Friday, April 21, 2006

Live life "Islamically"!

Read these so that you would live your life "Islamically"...

Some excepts....

Say goodbye to TV!:

Q: Under Islam, TV is not condoned. What are the thoughts on watching the
Al-Jazeera network broadcasts, since it is a Muslim station?

A: TV of any network broadcast is not permissible. That includes al-Jazeera
and Allah Ta'ala Knows Best

Mufti Ebrahim Desai


Q: There is no copyright law in my country. Is it permissible for us to use
pirated softwares
, as they are widely available throught the country and our
goverment doesn't have any objection on it. Further can we download evaluation versions and then crack them ? (emphasis mine -Japtman)

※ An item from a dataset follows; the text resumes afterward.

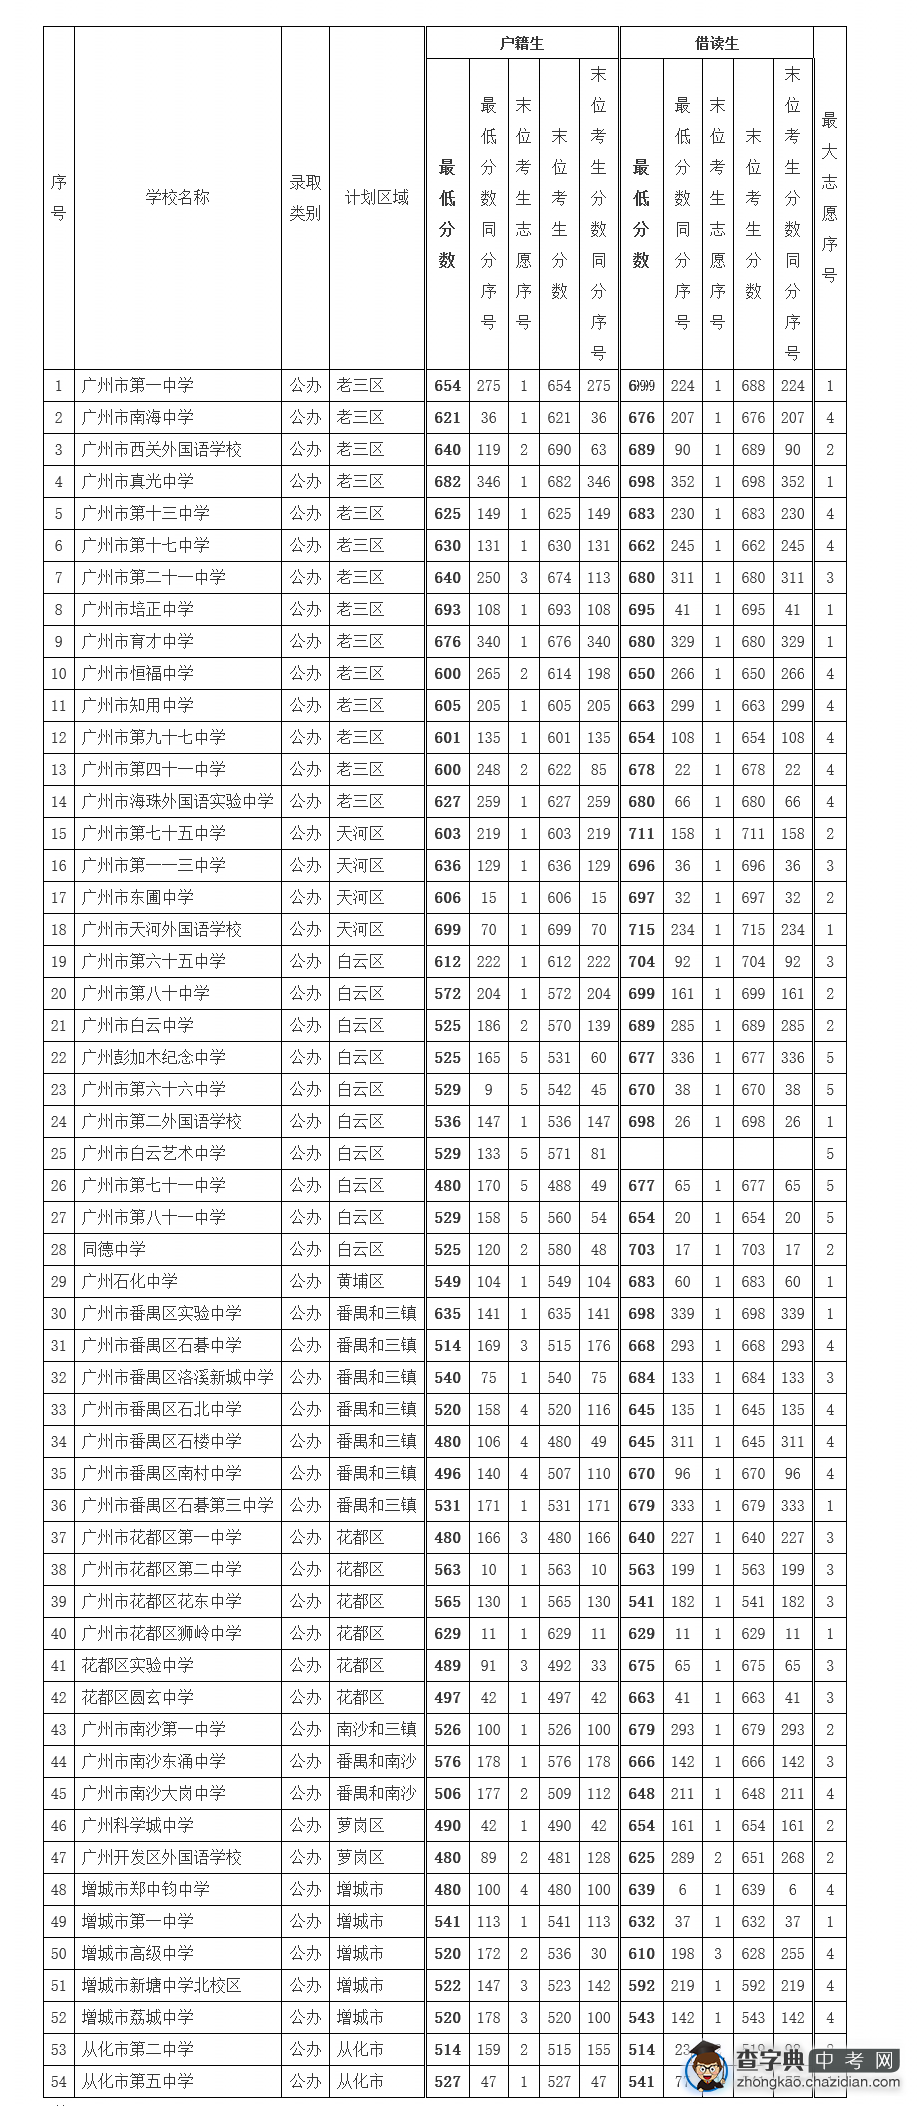 2015年广州中考第一批高中录取分数线汇总1

1. It is permissible to use pirated software but morally incorrect from an
Islamic point of view.
2. Could you be more specific with your second query? Also what is the need
to crack them?

and Allah Ta'ala Knows Best

Mufti Muhammad Kadwa FATWA DEPT.



Q: I am a male who collects panties. Is this haram?
I am a single man
who collects panties. I don't wear them, but I buy new ones for the collection.
Is this fetish of mine haram?

A: The practice is absolutely Haraam. If you have desires for women then
you should get married. The collection of panties to give vent to your desires
is unnatural and a major sin. You should abstain from such a practice.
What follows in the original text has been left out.